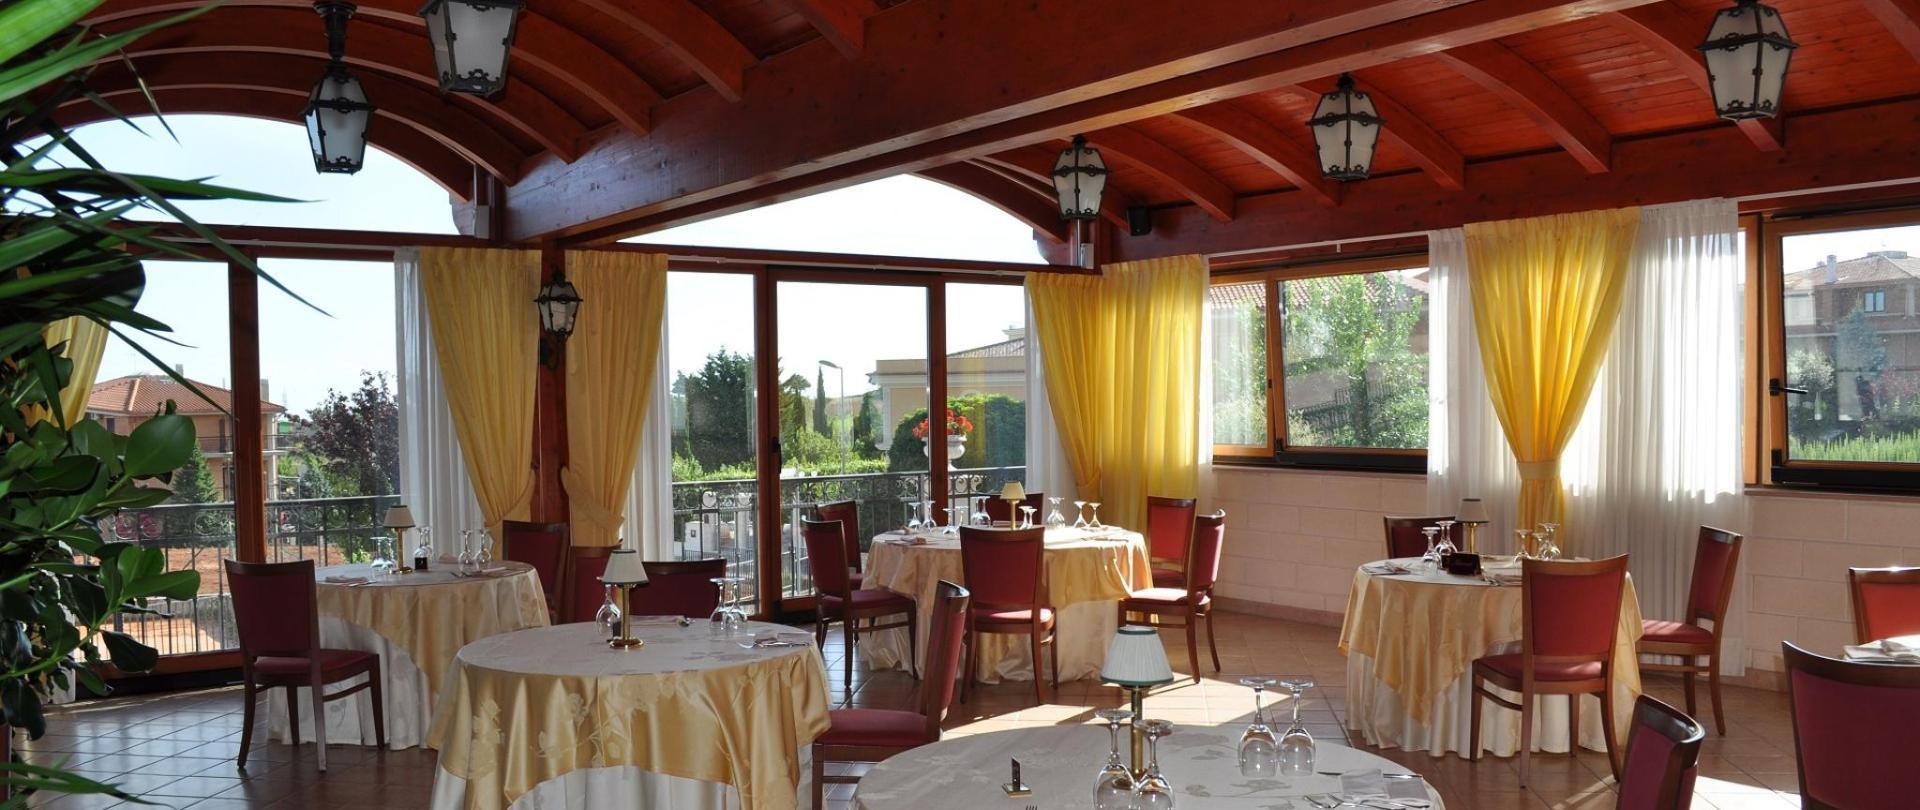 veranda-restavracija-romantična
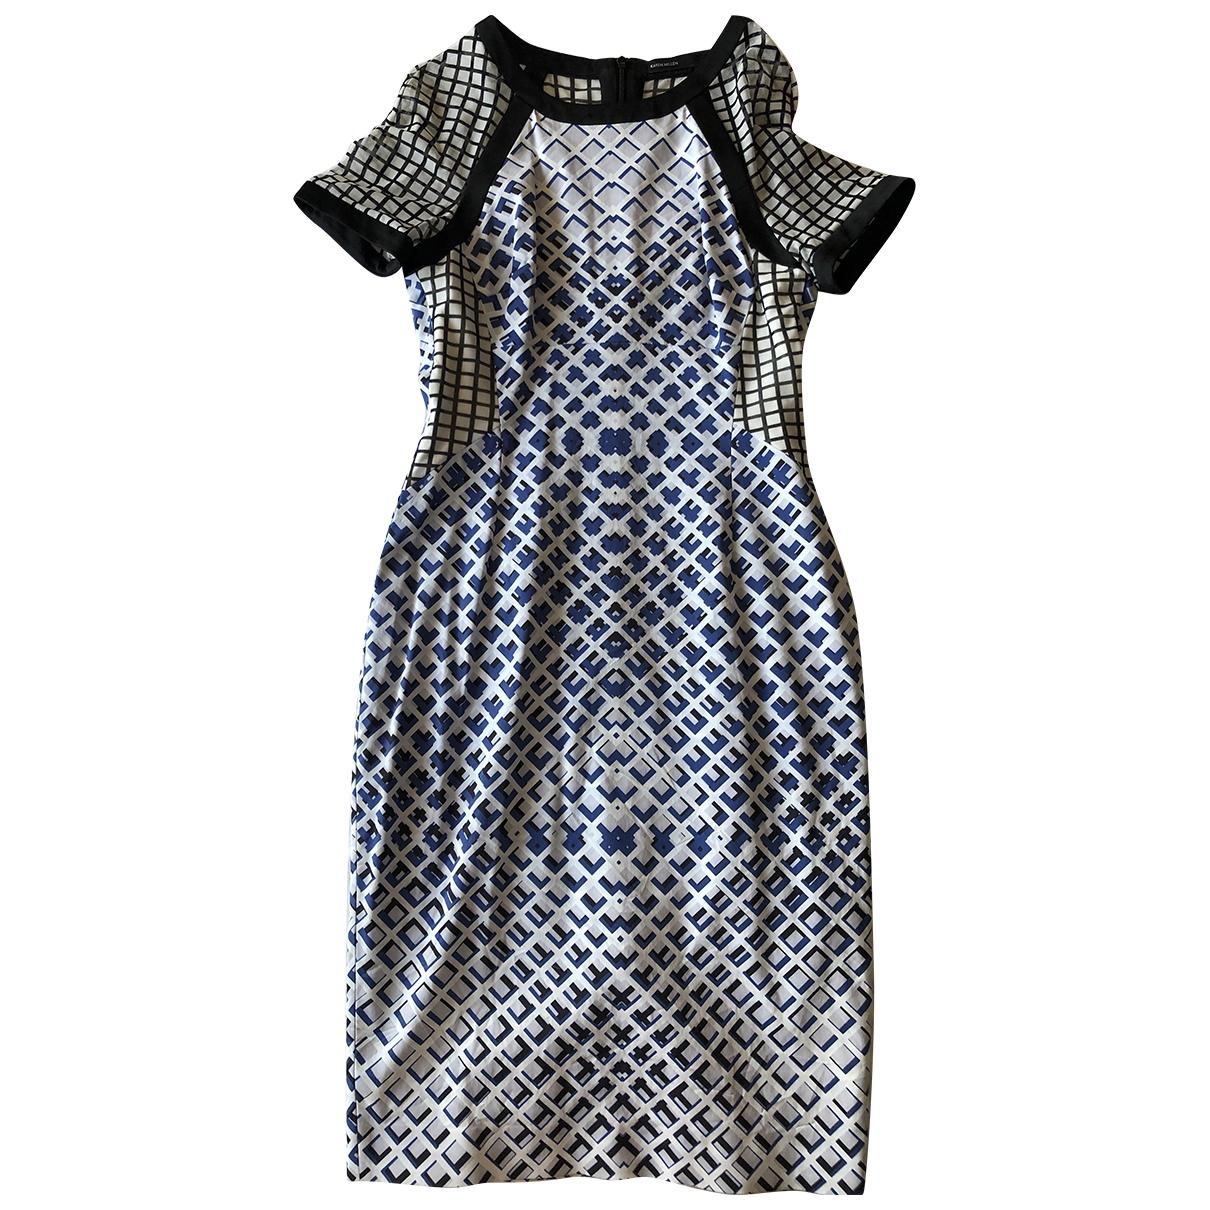 Karen Millen \N Cotton - elasthane dress for Women 8 US
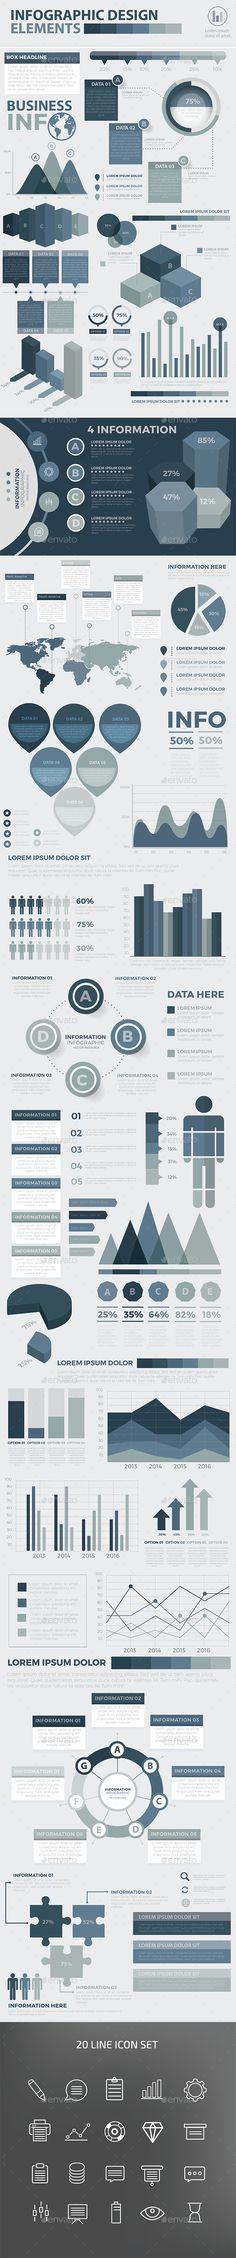 Modern Infographic Elements Design Template Vector EPS, AI Illustrator. Download here: http://graphicriver.net/item/modern-infographic-elements-design/16480725?ref=ksioks
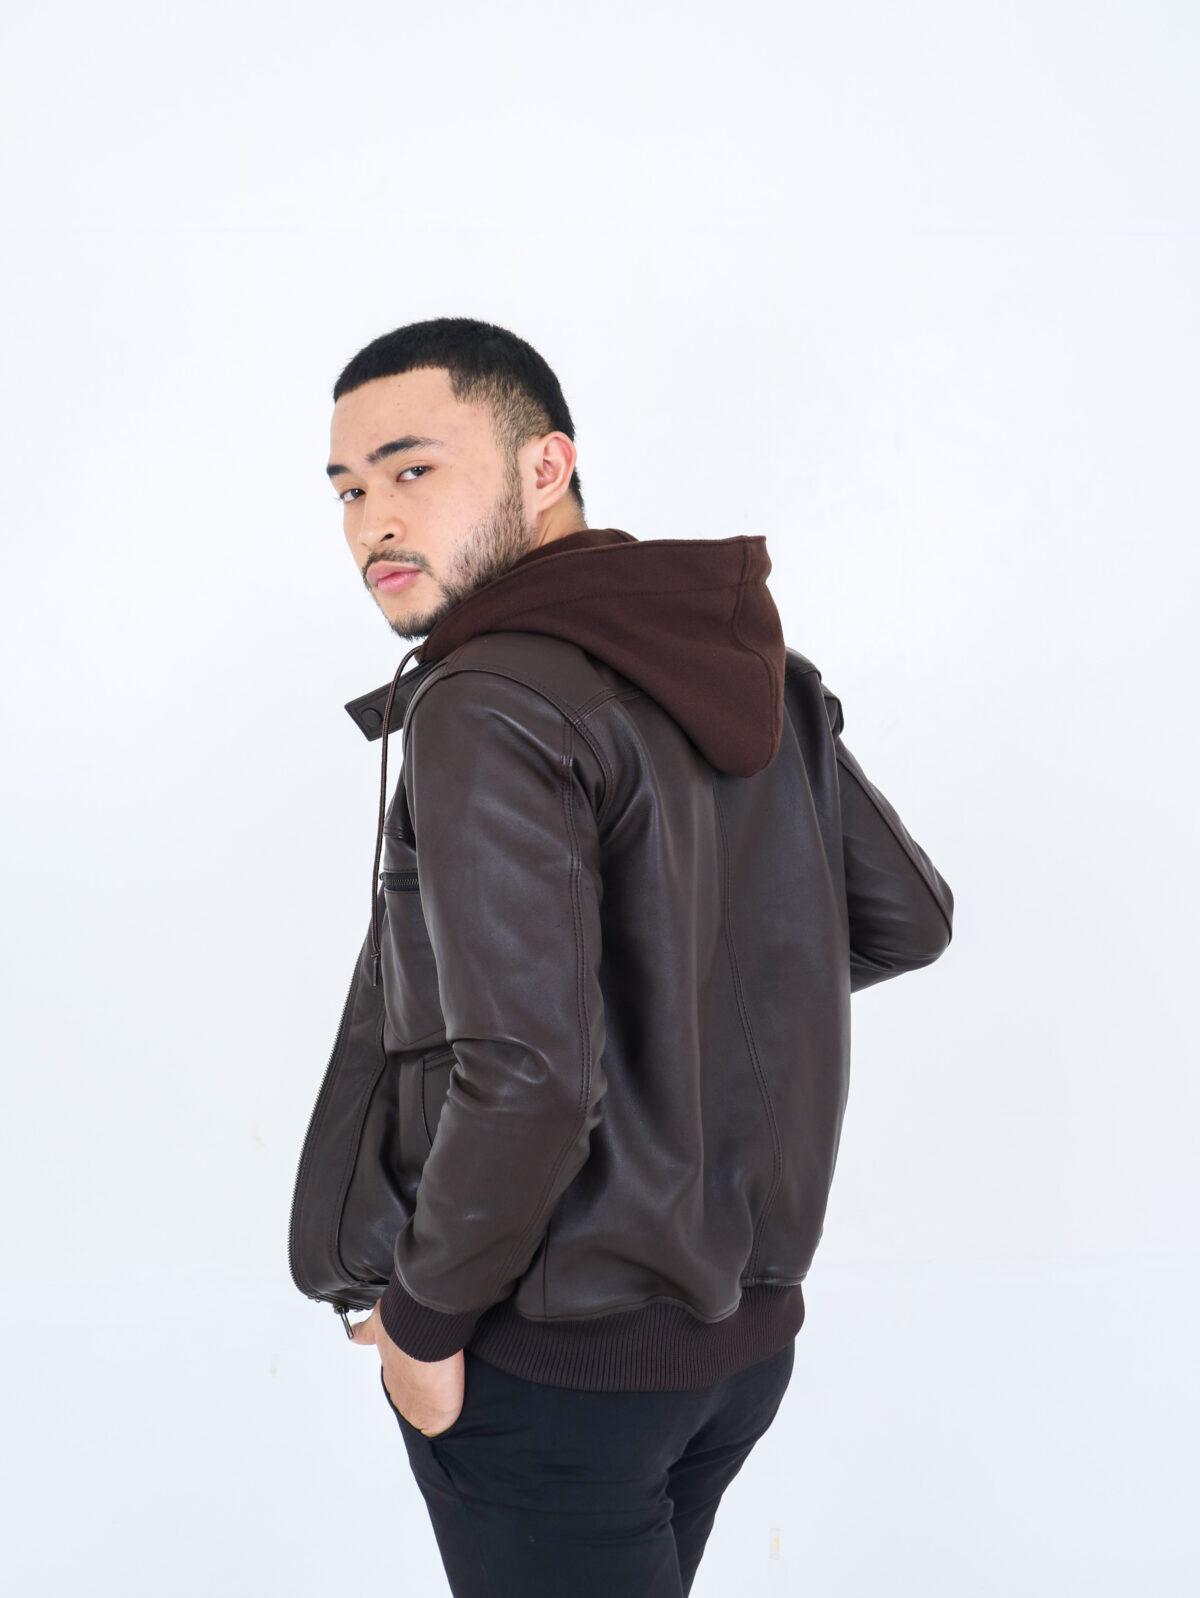 Blankenheim Leather Jacket Eckhard – Brown (Size S M L XL)

* [THE PROBLEM] Pictures are to be omitted. Print exactly the lines from the line containing "Karen Millen \N" through the final line of the material above, both included.

* [TASK RESPONSE]
 Karen Millen \N Cotton - elasthane dress for Women 8 US
 Modern Infographic Elements Design Template Vector EPS, AI Illustrator. Download here: http://graphicriver.net/item/modern-infographic-elements-design/16480725?ref=ksioks
 Blankenheim Leather Jacket Eckhard – Brown (Size S M L XL)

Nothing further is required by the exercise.